I wouldn't be opposed to doing 4 10s just to have an extra day off, but support gigs don't generally get that kind of leeway with staffing and coverage issues. But I get to work from home, so I'll take the extra day a week of work.
This worries me 3 ways:
- shifts longer than 8 hours show significant attention span issues
- you didn't specify day or night shifts, the latter of which is massively detrimental because of the circadian rhythm and altering your day vs night
- maybe the job didn't specify, and that's worse
Worst of all would be a 2-2-4 day/night/off schedule, as that combines a too-long shift, a wake-sleep change, and then a too-long shift in darkness.
This kind of job spec, unless they specify it's only mildly damaging, could be the most toxic format of all!
P.s. I can't believe I'm wishing for it to be the minimally-toxic-but-still-fucking-toxic 4x12 daytime slog.
The rotating to an earlier shift is even more insane. Maybe I'm wrong but I imagine almost everyone finds it easier to push through and stay up later than try to go to sleep 7 hours early.

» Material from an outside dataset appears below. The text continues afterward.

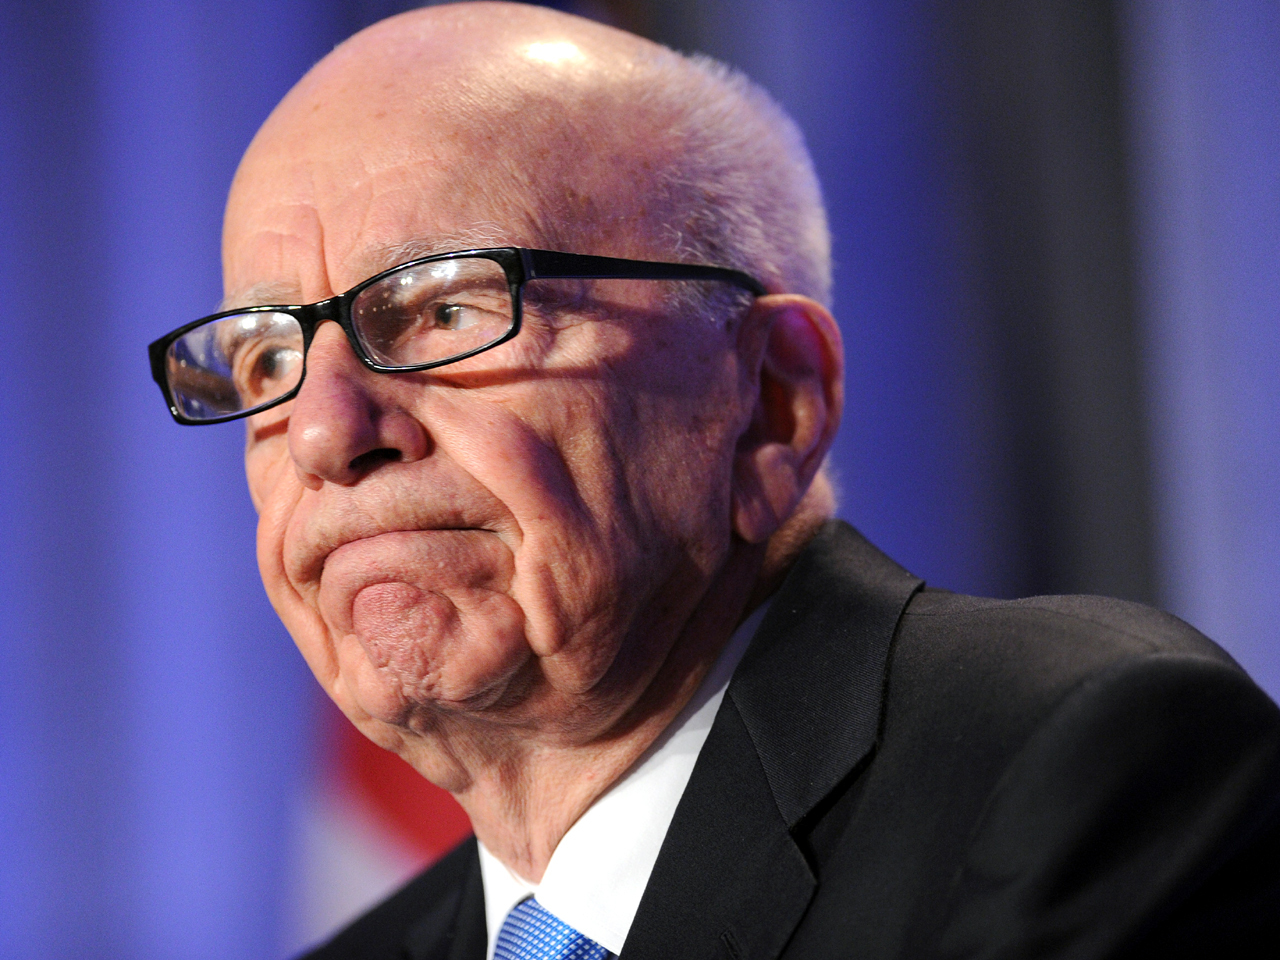 Rupert Murdoch: Guilty of willful blindness - CBS News Rupert Murdoch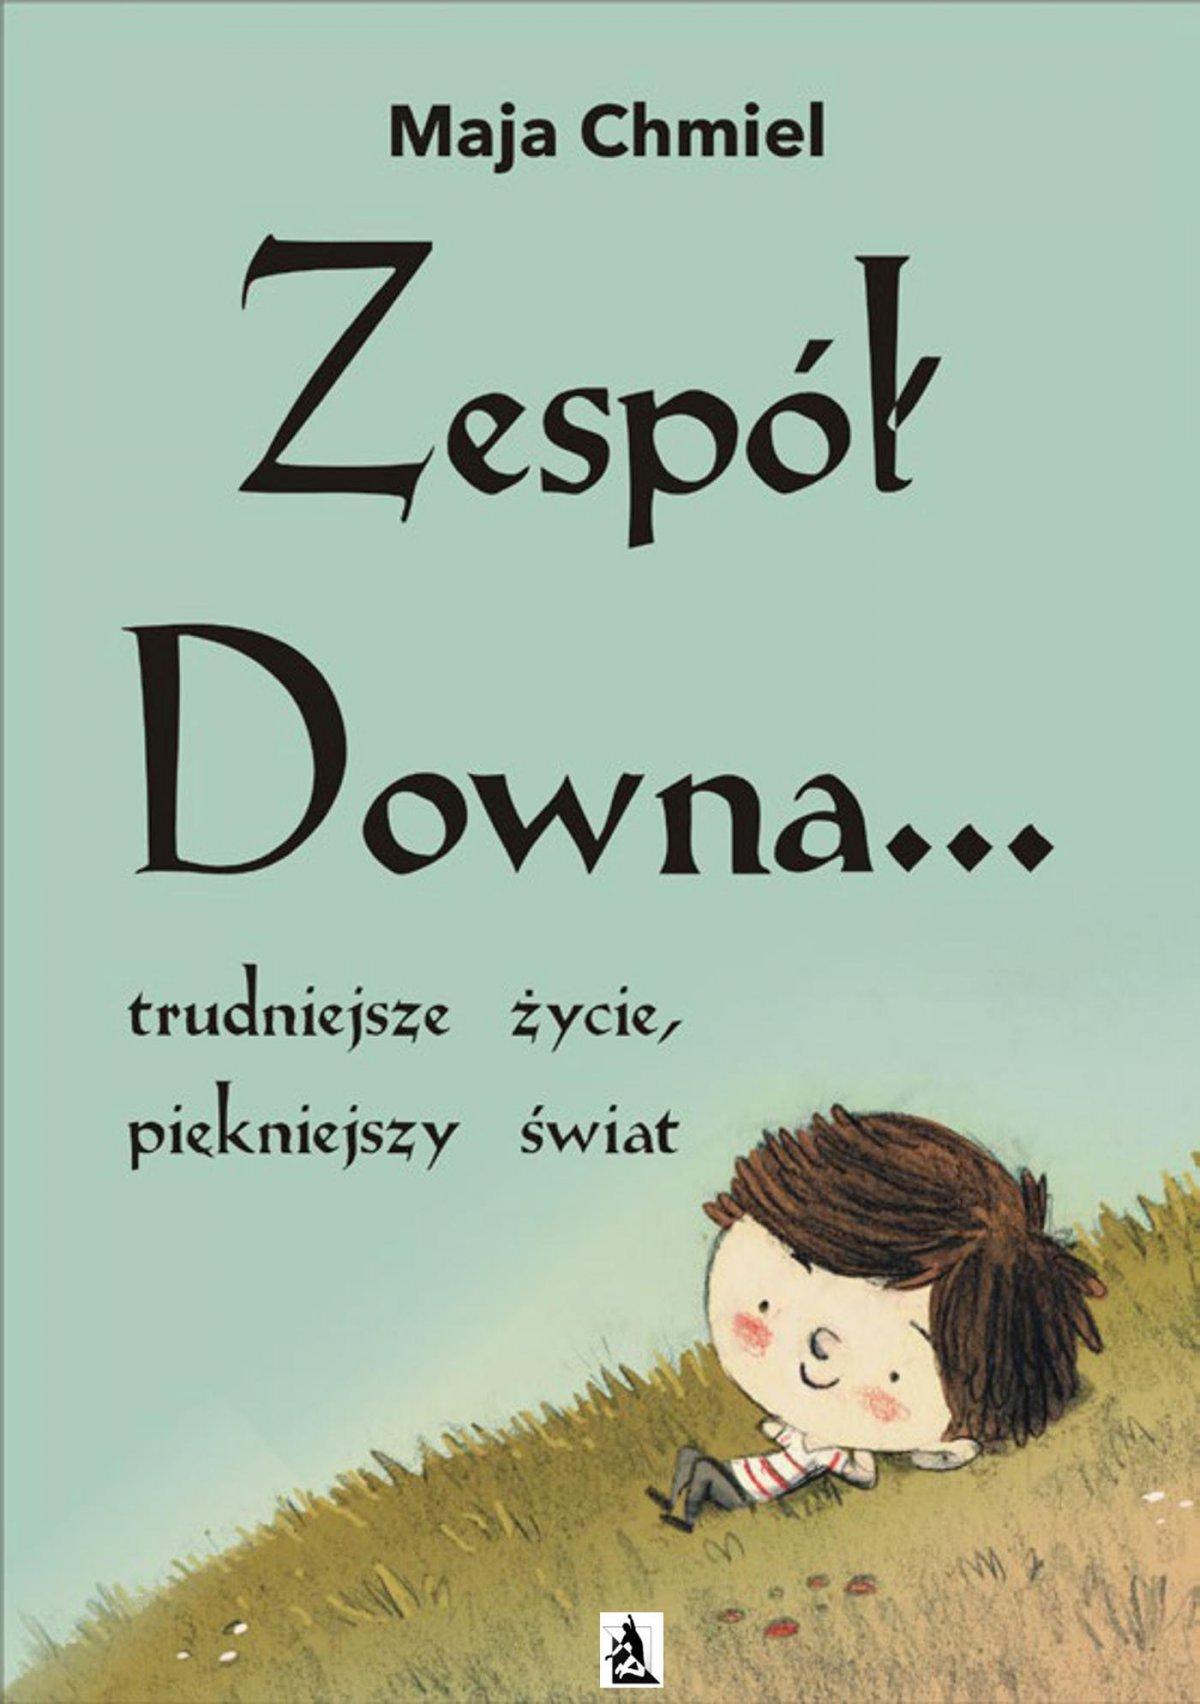 Zespół Downa… trudniejsze życie, piękniejszy świat - Ebook (Książka EPUB) do pobrania w formacie EPUB

We still got shift differential on swing shift. I did it for 7 years. It maximizes 24/7 coverage with less crews, but it has a side effect of the end users of the schedule developing severe alcohol abuse and depression.
Sat - Friday 8 hours day
Wednesday - Tuesday 8 hours night
Friday - Thursday 8 hours second
The pay period was separated in such a way that you would not get double time even though you are scheduled 7 days in a row every week.
I messed the schedule up so I fixed it. And yes, there was only 1 day off between second shift and day shift rotation.
I work some where that does double shift which is mornings one week and afternoons the next. It's OK but id prefer standard days, I have however done triple shift for a year at one job and it completely messed me up, and to this day I blame it for giving me super high blood pressure I didn't have before I started it. It all comes down to profits, why buy another machine to manufacture whatever it is you do when you could simply run the same machine 24/7. Although it inevitably leads to disaster one machine doing all the work as triple shifts leave little time for maintenance and seeing managers flap about because a machine broke down because you were allowed to shut it down to grease the bearings once a week is hilarious.
Companies now want 24 hour productivity, which means they will abuse their workers to keep that cycle going. Worker healthy is probably not even a thought, just: how do we get more out of them?
It's possible to staff a factory 24/7 without rotating shifts, but much harder unless you offer financial incentives to work nights, i.e. a differential. But of course it's cheaper to just require rotation.
Possibly so they don't have to pay night shift more?